§ **REQUIREMENT**:
Set down the full listing exactly as given. Any pictures are to be left out.
*** DATA BLOCK ***
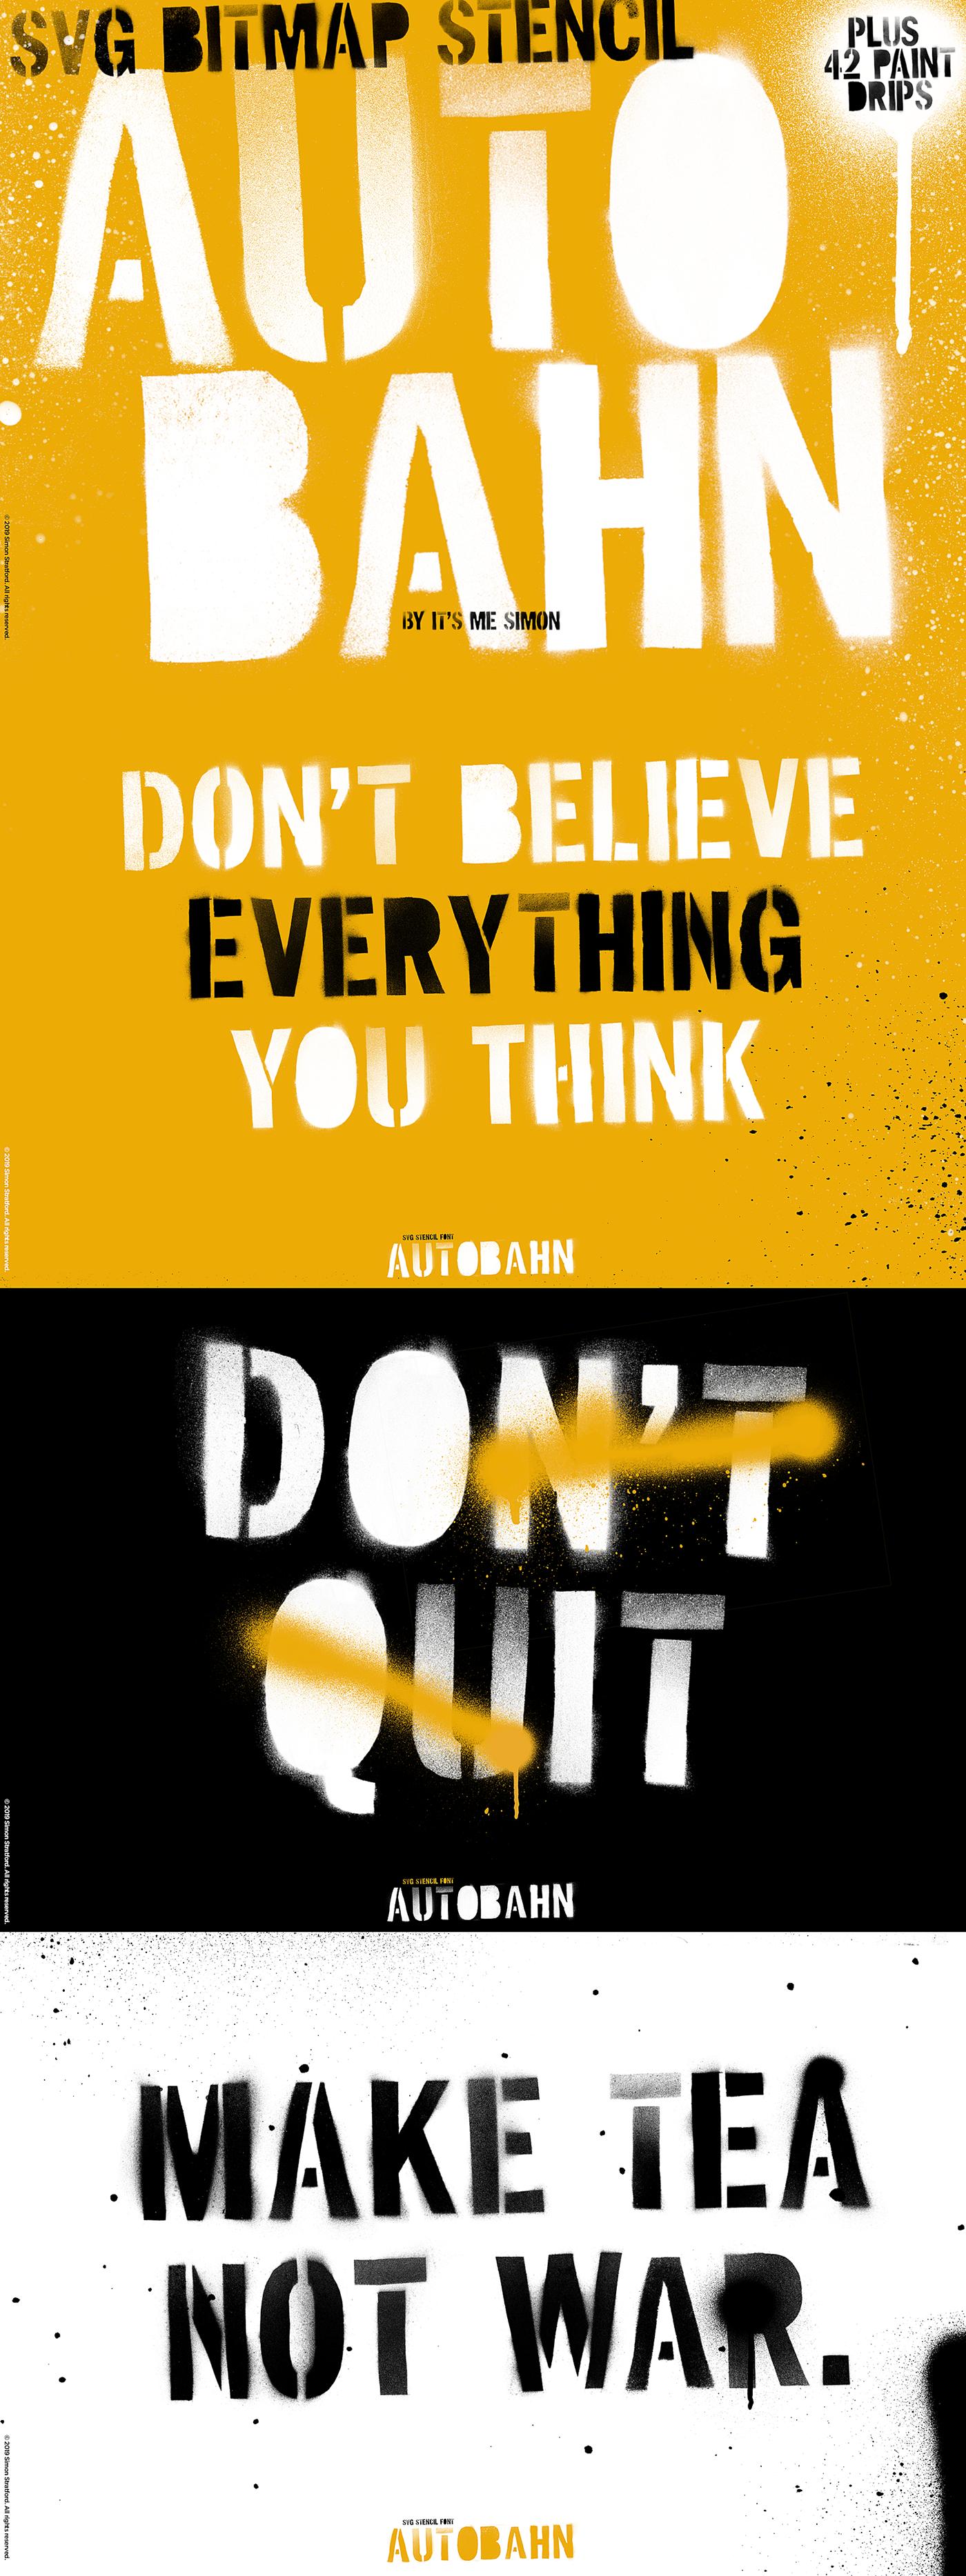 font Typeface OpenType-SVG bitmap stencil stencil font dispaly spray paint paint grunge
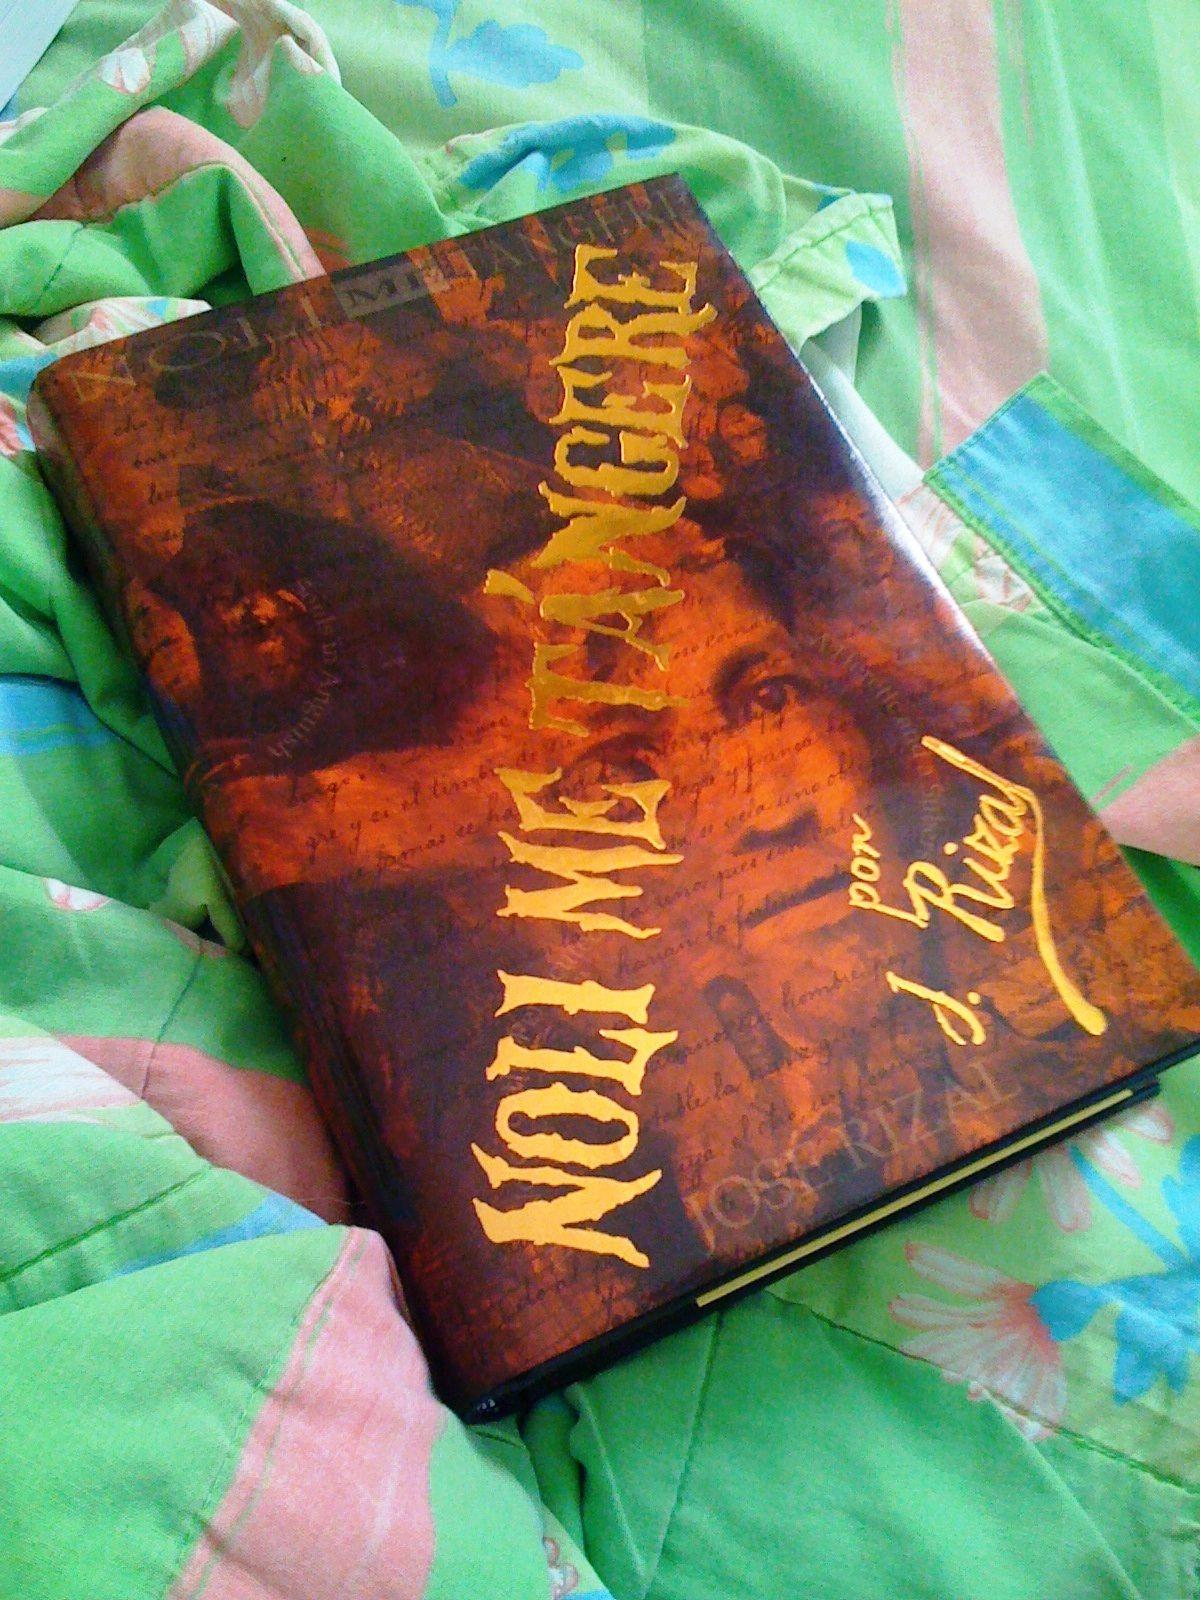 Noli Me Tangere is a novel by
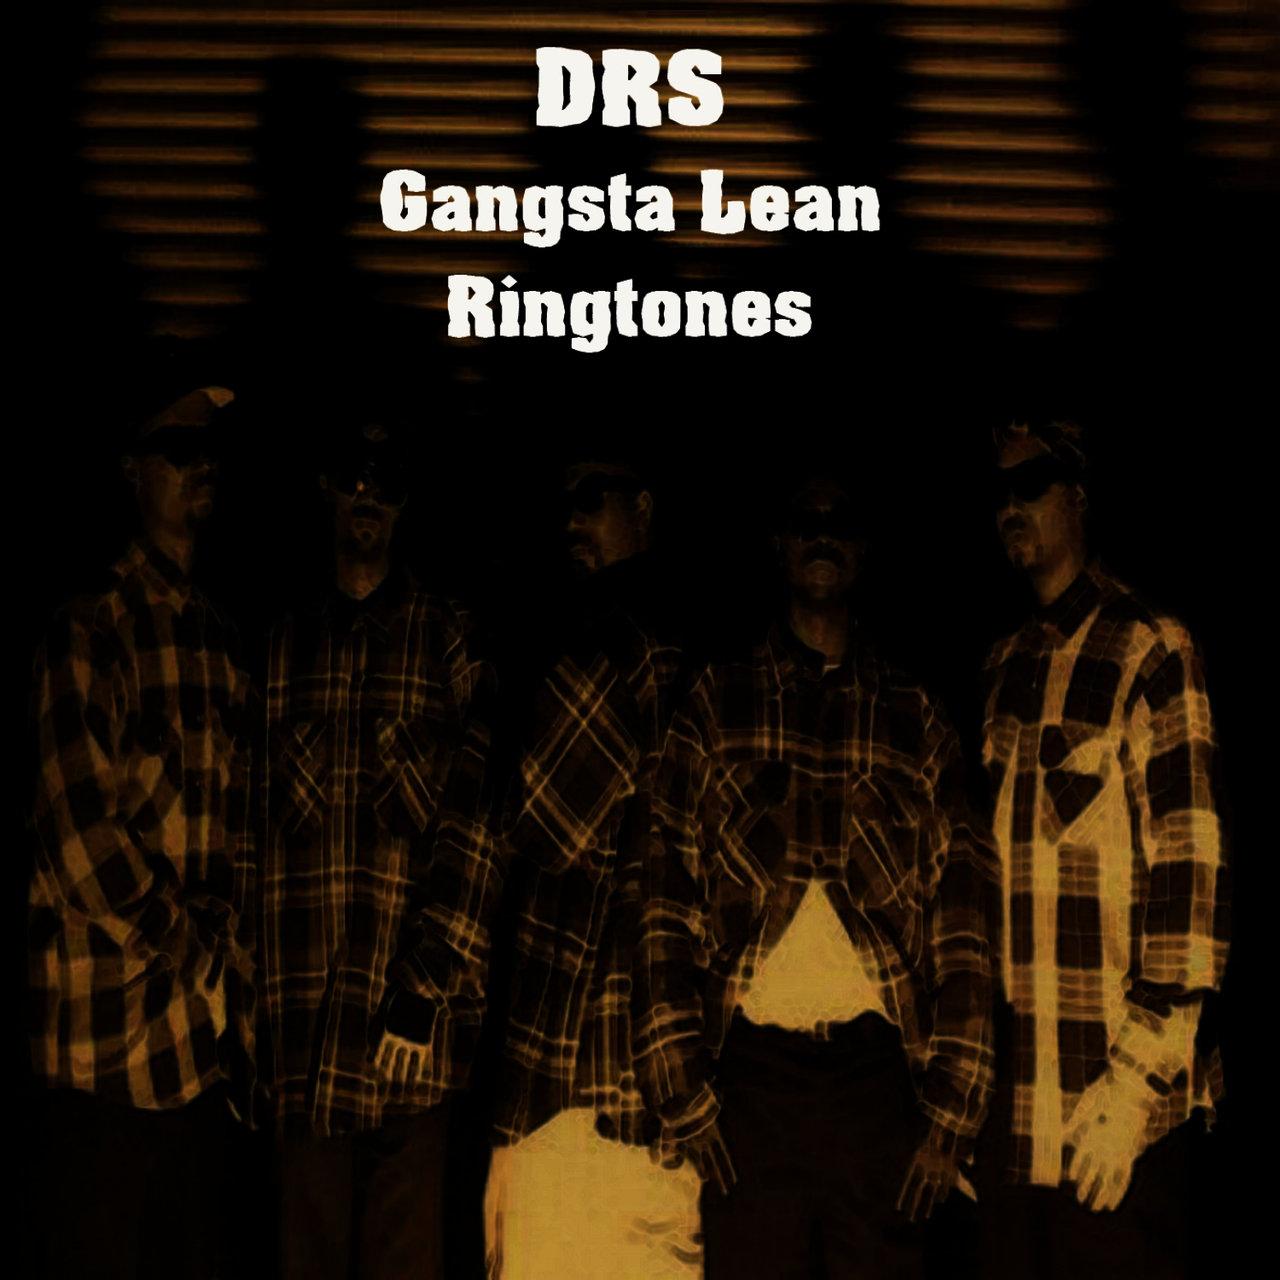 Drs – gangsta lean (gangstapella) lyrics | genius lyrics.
*** End of DATA BLOCK ***
§ **OUTPUT BELOW**:
 font Typeface OpenType-SVG bitmap stencil stencil font dispaly spray paint paint grunge
 Noli Me Tangere is a novel by
 Drs – gangsta lean (gangstapella) lyrics | genius lyrics.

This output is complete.